Everyone's favorite stone age family is back in Universal Pictures and Amblin Entertainment's The Flintstones in Viva Rock Vegas, directed once again by Brian Levant and produced by Bruce Cohen.
This time the story takes a step further back in time when Fred Flintstone, the boy from the wrong side of the rocks, courts the beautiful, young heiress Wilma Slaghoople.
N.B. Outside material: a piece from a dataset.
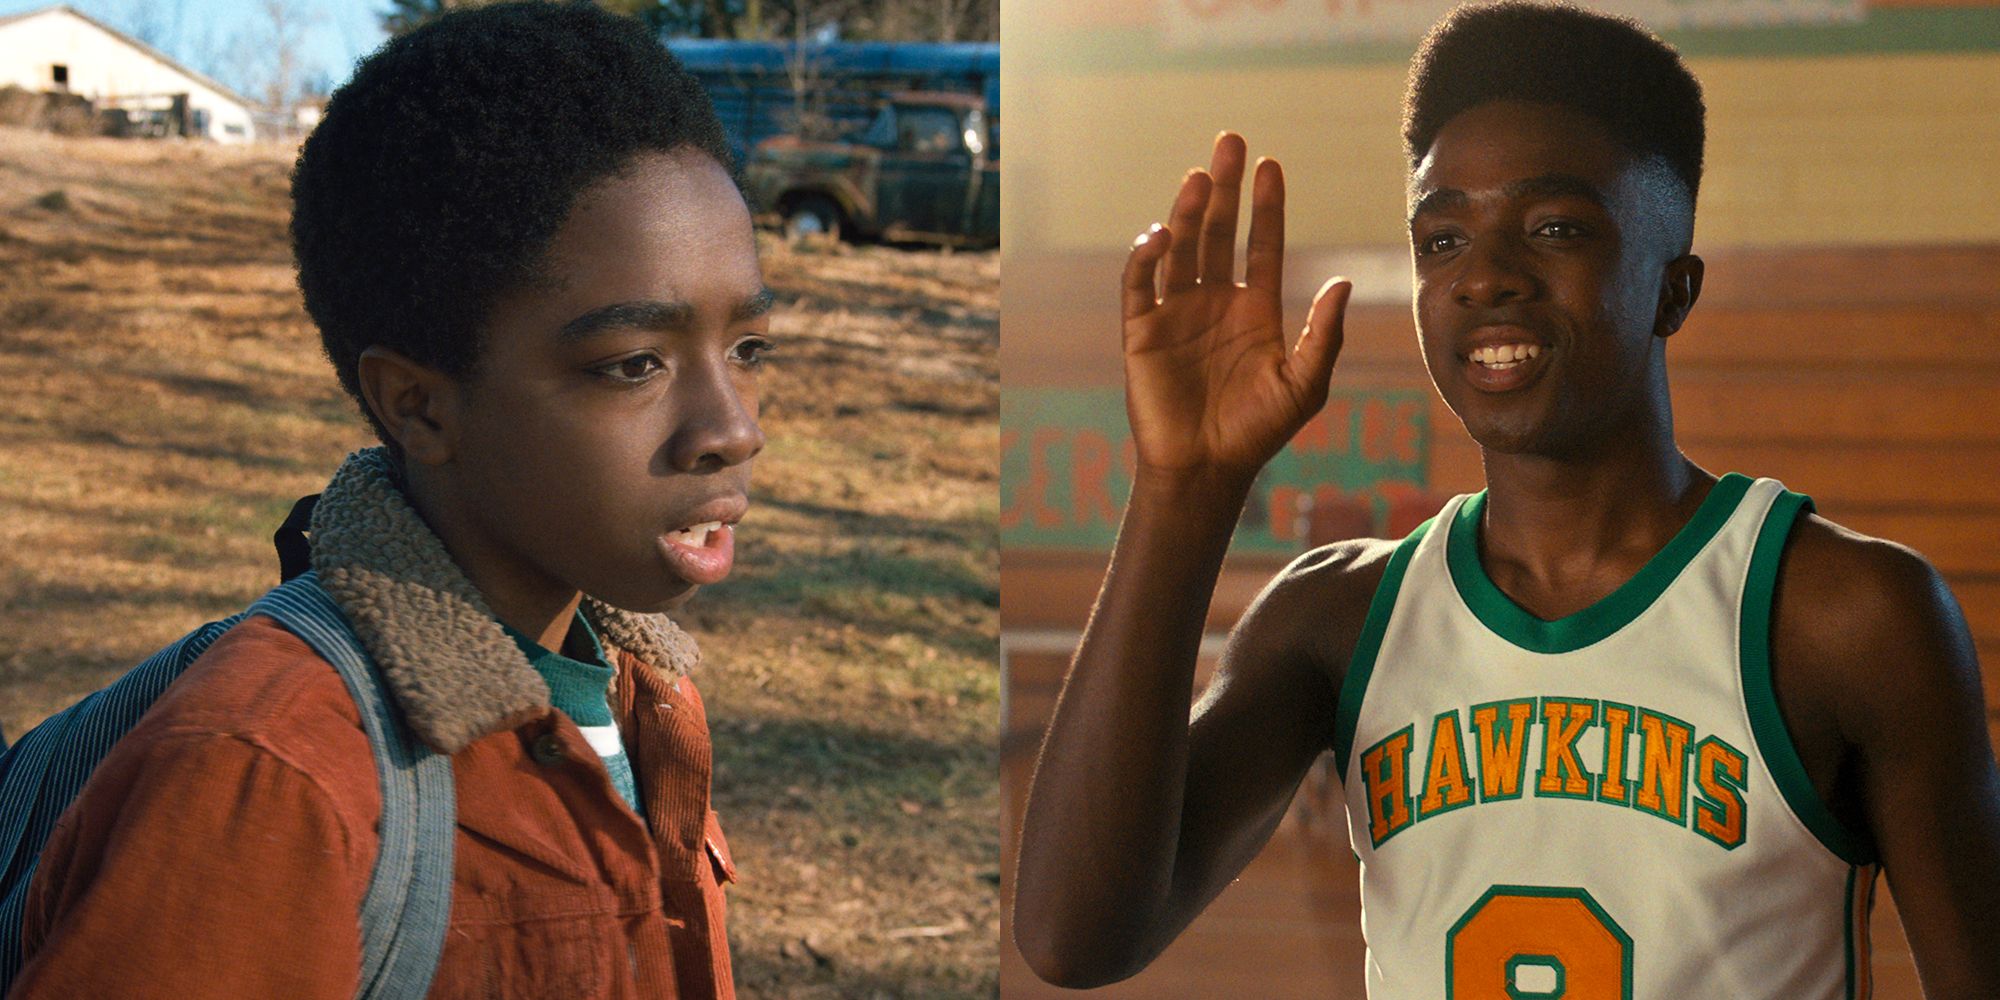 Stranger Things season 4 then vs now: See how the cast has grown up

Along with best friend Barney Rubble, and his future fiancee Betty, Fred and Wilma head off for a romantic weekend in Rock Vegas, the hottest rock resort on the continent.
Once again tossing out all continuity and traditional Flintstones plotting, this overly stylish film suggests that Wilma was an heiress secretly working as a carhop with her friend Betty and pining away for her prince (while being forced to date Chip Rockefeller) -- among several other extremely contrived plotlines.
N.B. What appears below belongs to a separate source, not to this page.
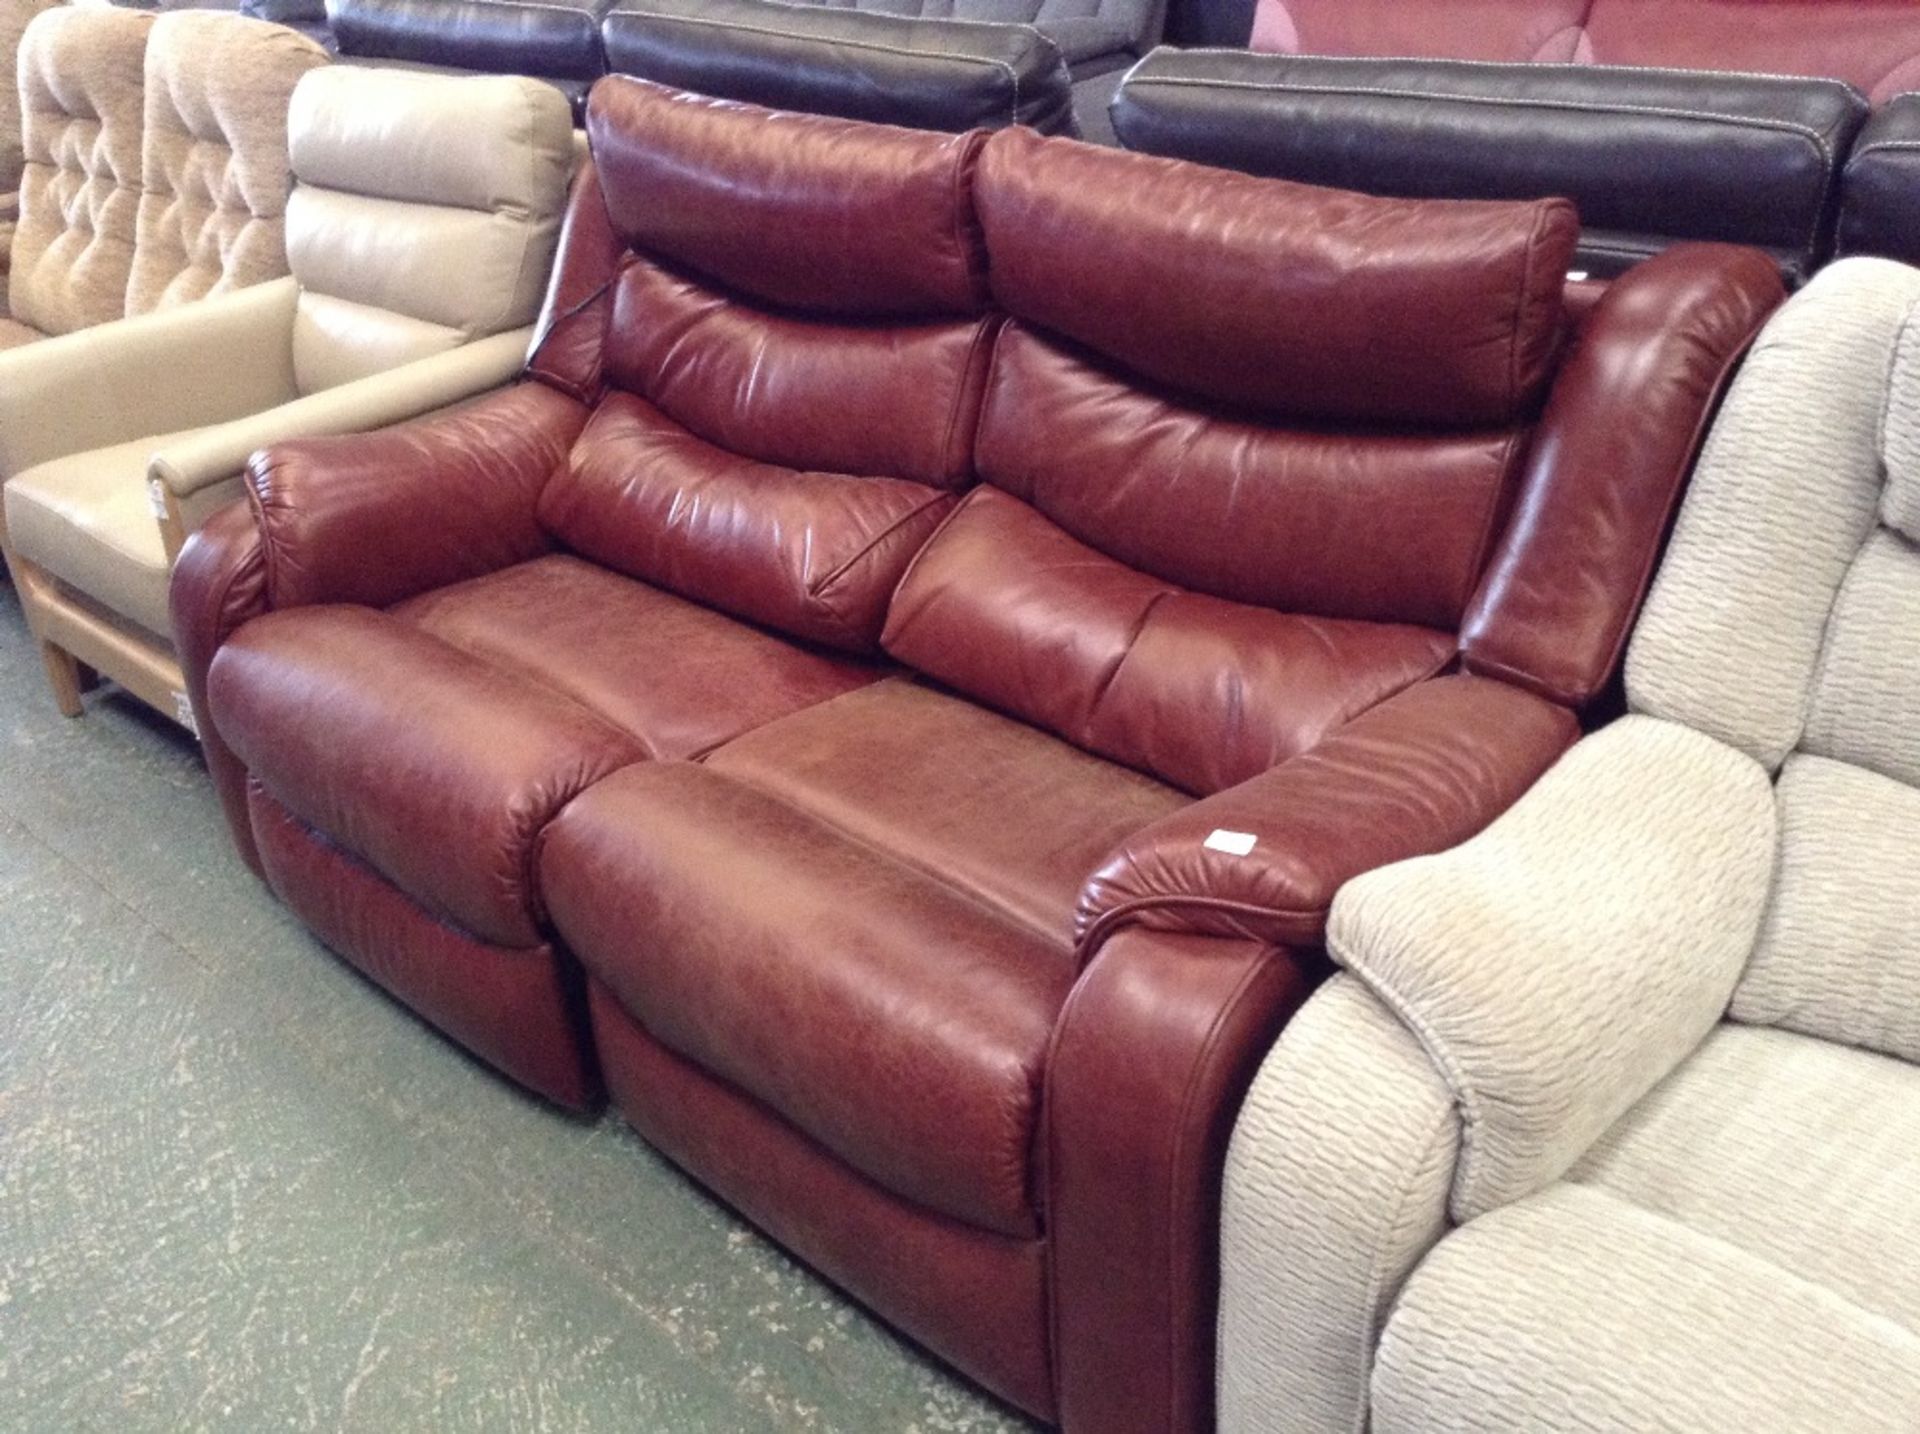 CONKER HIDE ELECTRIC RECLINING 2 SEATER SOFA (worn

It might have done the filmmakers good to remember that The Flintstones became a huge hit in black and white, and although color is loads of fun and can be visually appealing, it's way overdone in this context of the stone age. Rock Vegas is especially ornate with flashing lights and neon-colored "stone" walls.
And lest we forget the painstaking challenge it can be to bring animated characters to life, it's certainly exemplified in the film's casting. All of a sudden Wilma is a throaty, amazon of-a-woman because of Kristen Johnston's height and deep voice, and the casting of Baldwin as Barney and Joan Collins as Wilma's mother is marginal at best. On the flip side, Jane Krakowski gives us a fun -- though overly flirty -- Betty, and the inclusion of baby Dino and the brilliantly handled Great Gazoo make for genuine bright spots.